As former head of the Maine Department of Health and Human Services, I was invited recently to testify before a Utah legislative committee on the unintended consequences of Medicaid expansion.

My warning to the committee was simple: Beware of expanding Medicaid beyond its original scope; the ones hurt most will be those who are in greatest need.

In Maine, we learned these lessons the hard way. Maine expanded Medicaid several years before the Affordable Care Act. When I took over, nearly a third of Maine’s population was on Medicaid and the program was running a $750 million deficit. Unpaid hospital bills racked up month after month. Nursing facilities had closed, many physicians had stopped accepting Medicaid patients and the most vulnerable — seniors and individuals with disabilities — were left languishing for needed services.

Only by rolling back earlier expansions were we able to restore funding for nursing facilities and home care reimbursement to care for the people Medicaid was intended to serve. In short, we were able to return our priorities to what they were intended to be.
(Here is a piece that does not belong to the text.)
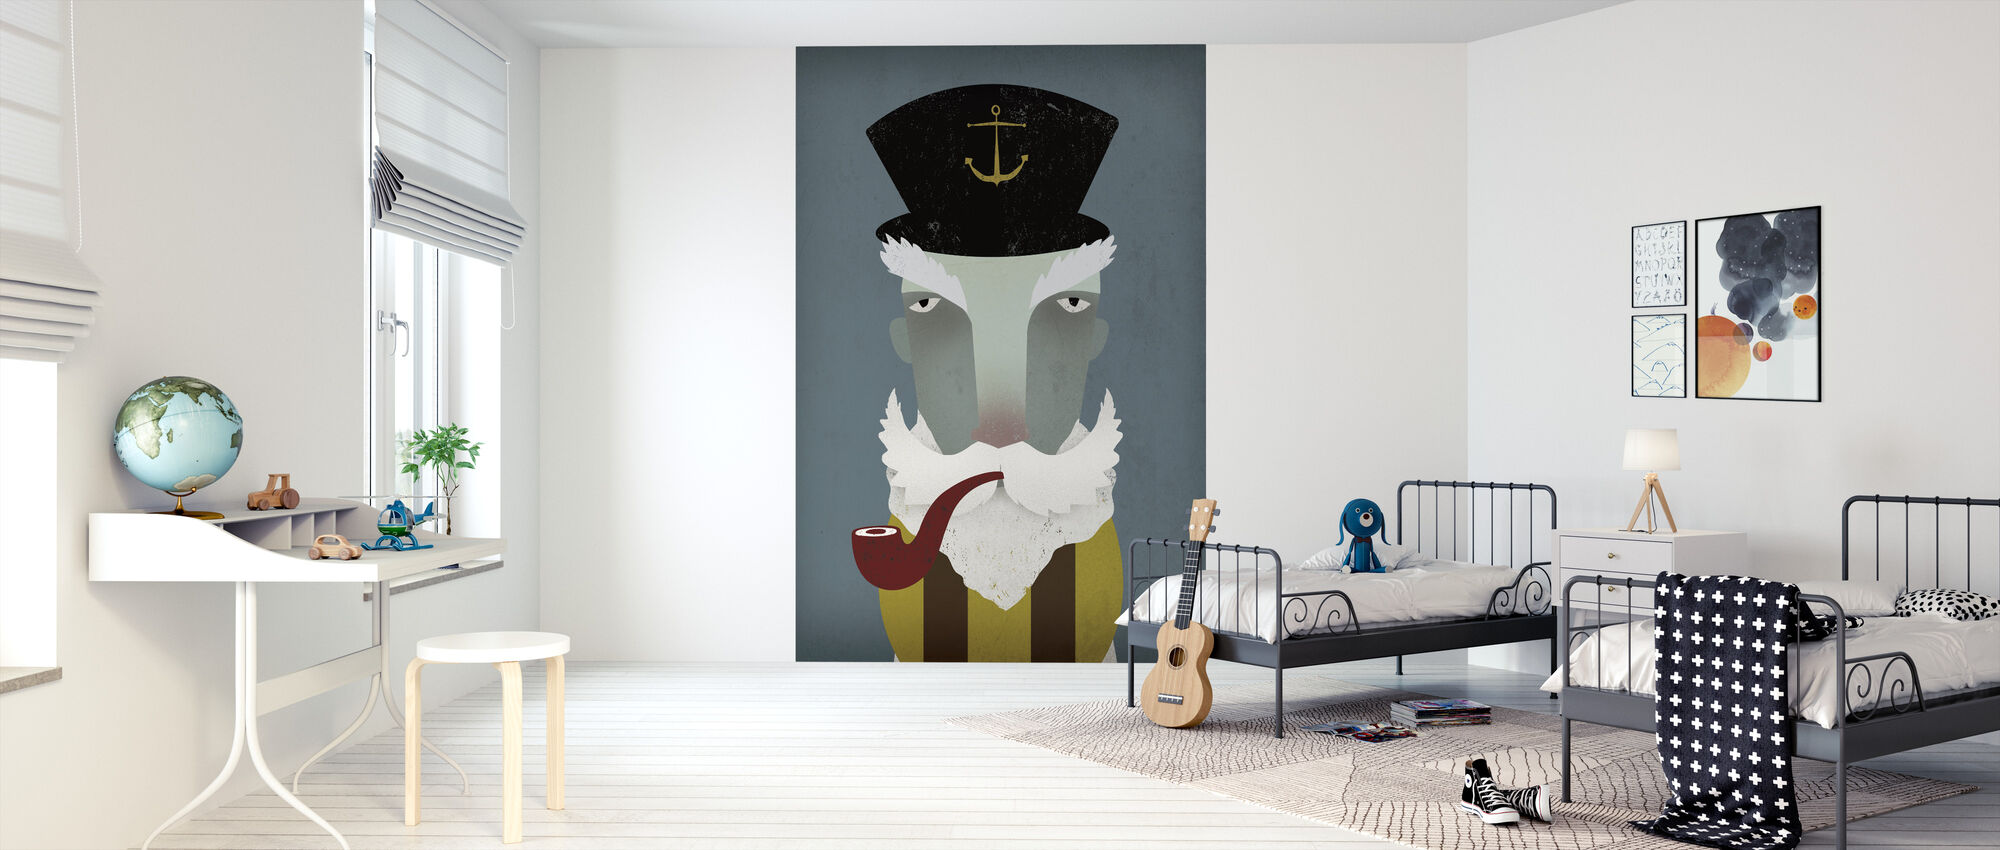 Fisherman - Wallpaper - Kids Room

Medicaid was designed to provide health care and critical services to seniors, poor children and individuals with disabilities. These are the enrollees with the greatest needs, primarily seniors, individuals with disabilities and individuals with severe and persistent mental illnesses. Think of the 78-year-old woman with dementia, diabetes, cardiovascular disease and limited mobility, desperately needing nursing facility care. This is who Medicaid was intended to serve.
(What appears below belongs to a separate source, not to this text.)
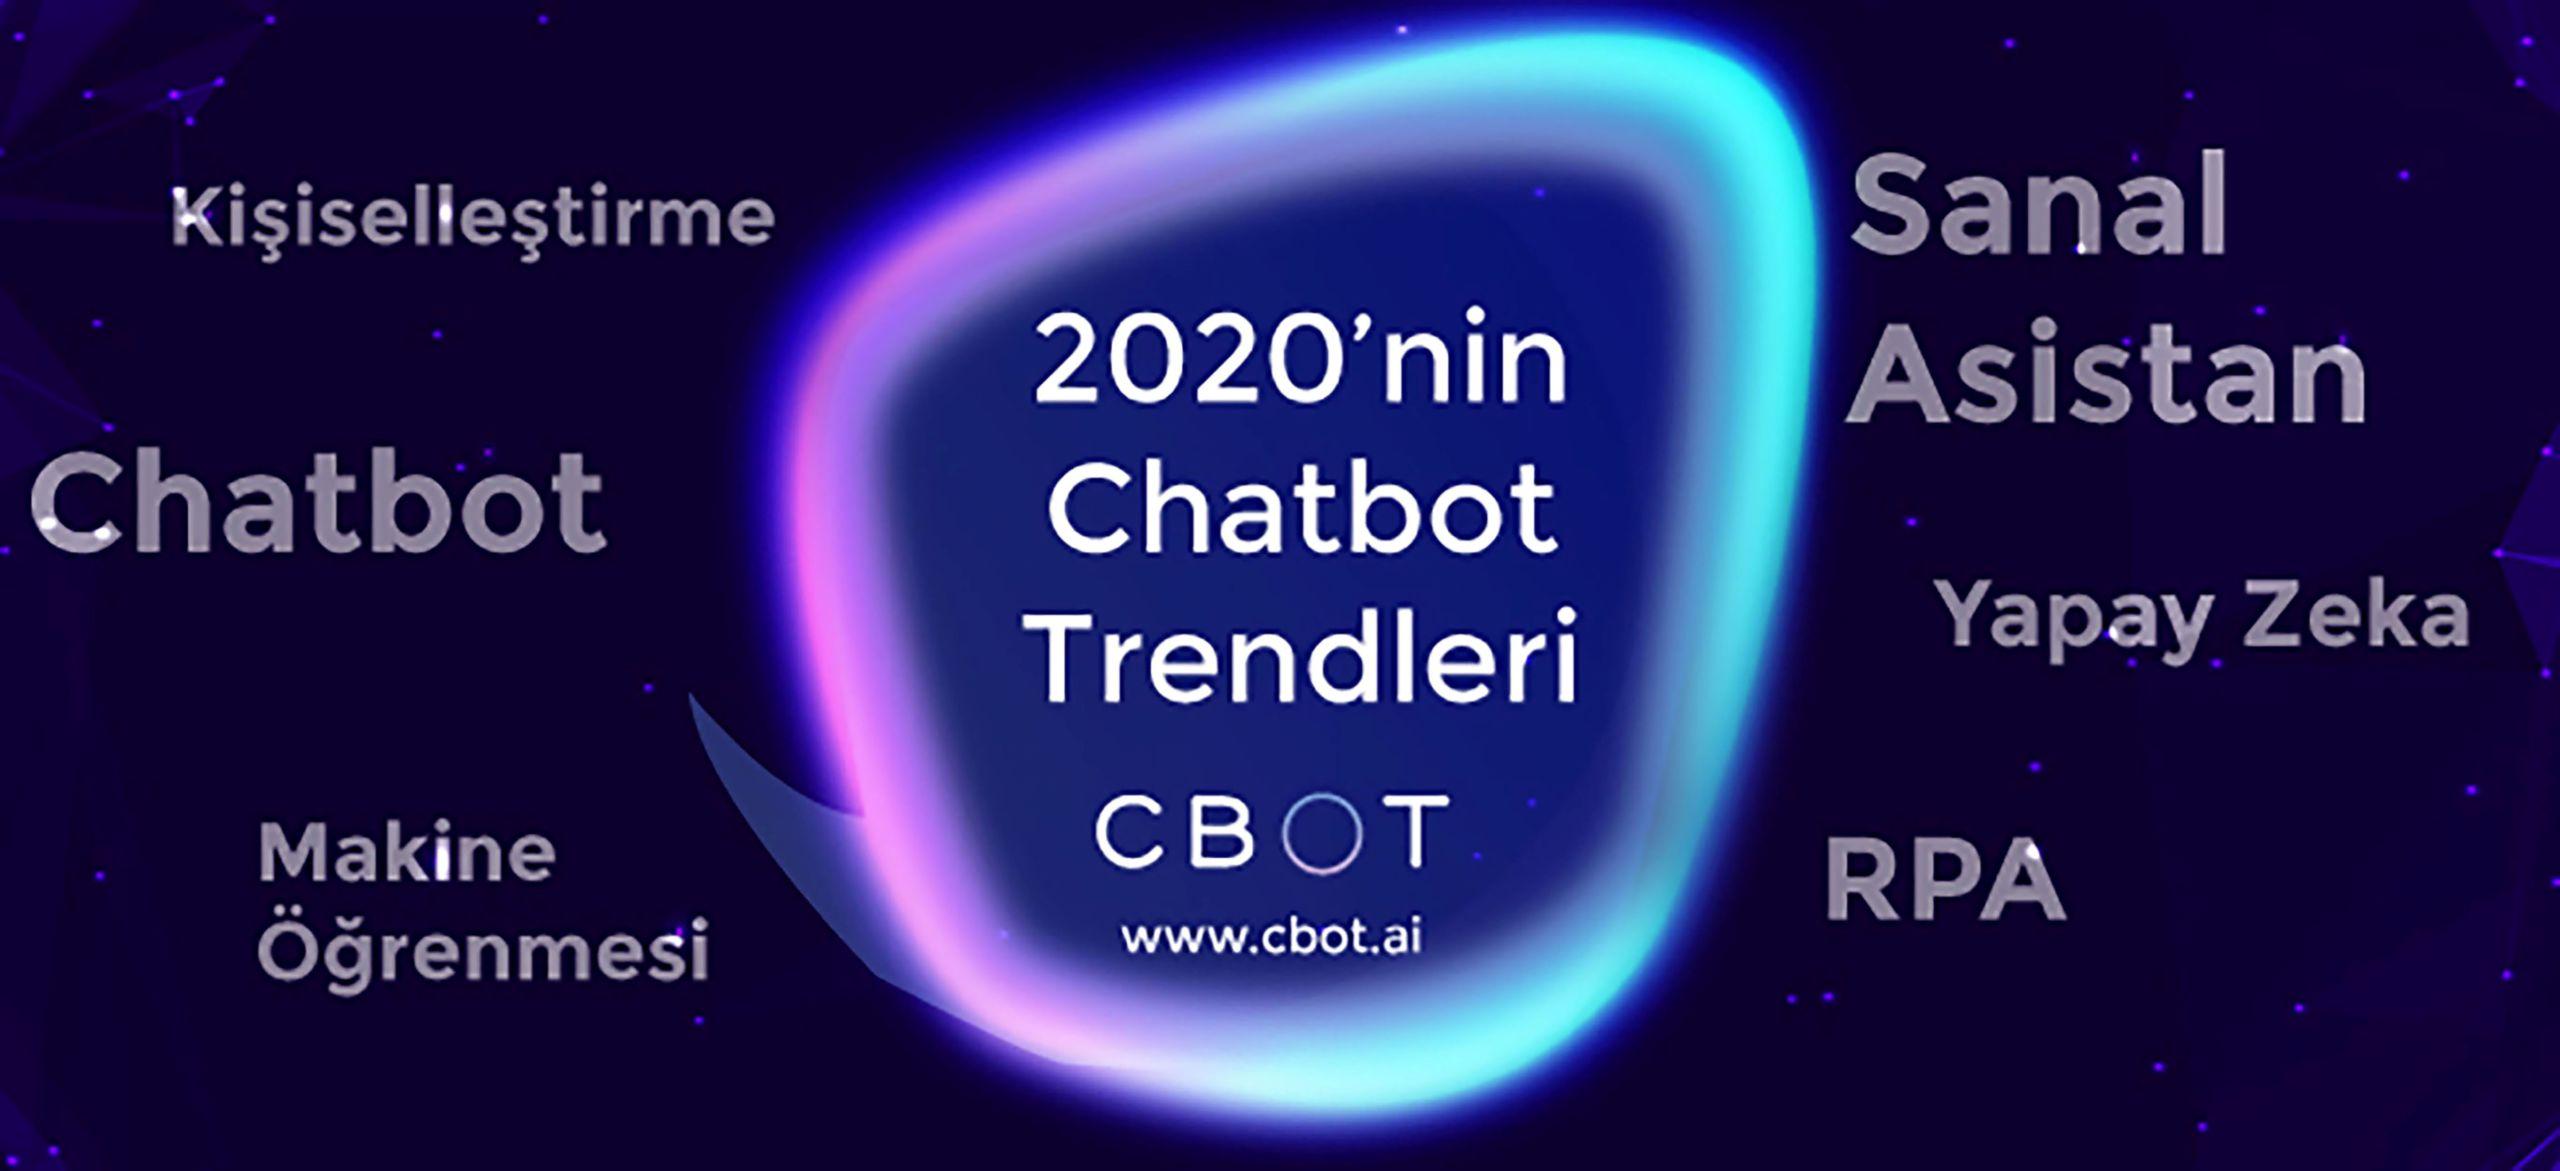 yapay zeka tabanlı Chatbot trendleri

The ACA’s Medicaid expansion would change all of that. Medicaid expansion would add a new class of able-bodied adults to the program. These are adults in their prime working years with no disabilities and often no children. Ultimately, the truly needy will suffer most when these able-bodied adults move to the front of the line.

Expansion boosters argue that Medicaid expansion is practically free, generating a windfall of federal funding. They claim more funding will provide an economic boost, saving hospitals and creating jobs. But all the promises prove to be hollow.

Thirty-one states have expanded Medicaid programs under the ACA. A common theme has emerged: costs soaring far higher than expected, leaving fewer resources for the most vulnerable and crowding out funding for all other priorities.

States that opted into the expansion are scrambling to find funding to cover large and growing expansion cost overruns. In Colorado, more than twice as many able-bodied adults signed as the state expected, leading to a billion-dollar overrun in just the first few years. In California, four times as many people signed up for the expansion as the state initially projected. Instead of costing taxpayers the promised $11 billion over the first three fiscal years, the actual bill came in at $44 billion.

Medicaid expansion causes many problems, but these are the most prevalent. It robs resources that could go toward the truly needy. It crowds out funding for all other state priorities, including education, roads and public safety. And it leaves states holding a bigger bag when federal subsidies are eventually reduced.

States like Maine and Utah must balance their budgets. With limited resources, safety net programs must fulfill their core mission. Maine fell into the same trap as many other states of expanding Medicaid rolls while the very real needs of seniors and individuals with disabilities went unfunded and unmet. I can only hope Utah will not have to learn these hard lessons the same way.